Liberato Manna

Liberato Manna Research Professor
Istituto Italiano di Tecnologia (IIT)
Via Morego, 30 16163 Genova, Italy.

Colloidal Inorganic Nanocrystals: their Synthesis, Assembly and the Study of their Chemical and Structural Transformations

Colloidal inorganic nanocrystals (NCs) are among the most exploited nanomaterials to date due to their extreme versatility. Research on NCs went through much advancement in the last fifteen years, for example in the synthesis, which opened up the possibility to control their size, shape and topology in chemical composition.

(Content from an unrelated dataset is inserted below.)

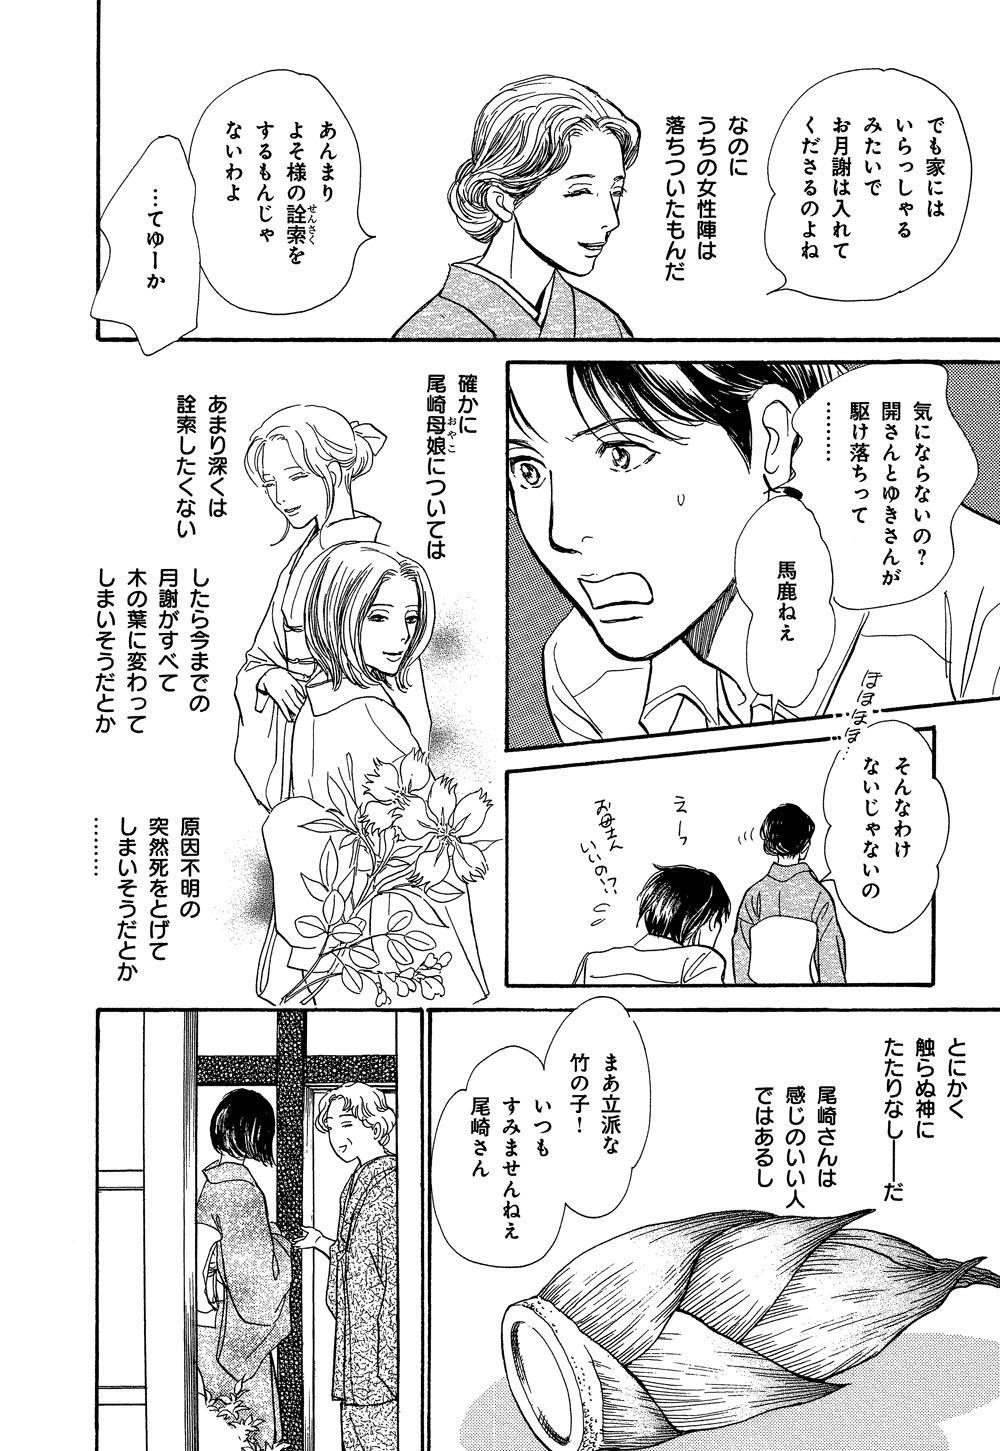 hyakki_0021_0010.jpg

An additional step forward was the creation of a wide range of superstructures from the assembly of such NCs, which can be thought of as new types of artificial solids. This, coupled with the possibility to replace the native ligands on the surface of the NCs with shorter molecules, down to single atom ligands, has conferred unique electrical features to films of NCs that make them attractive for low cost alternatives to many technologies. Progress also came from the study of chemical transformations in nanostructures, most notably via cation exchange, which involves replacement of the sublattice of cations in a crystal with a new sublattice of different cations, while the sublattice of anions remains in place. The present lecture will highlight the recent progress (with emphasis on the contributions from our group) on synthesis, assembly and in the study of chemical and structural transformations in NCs.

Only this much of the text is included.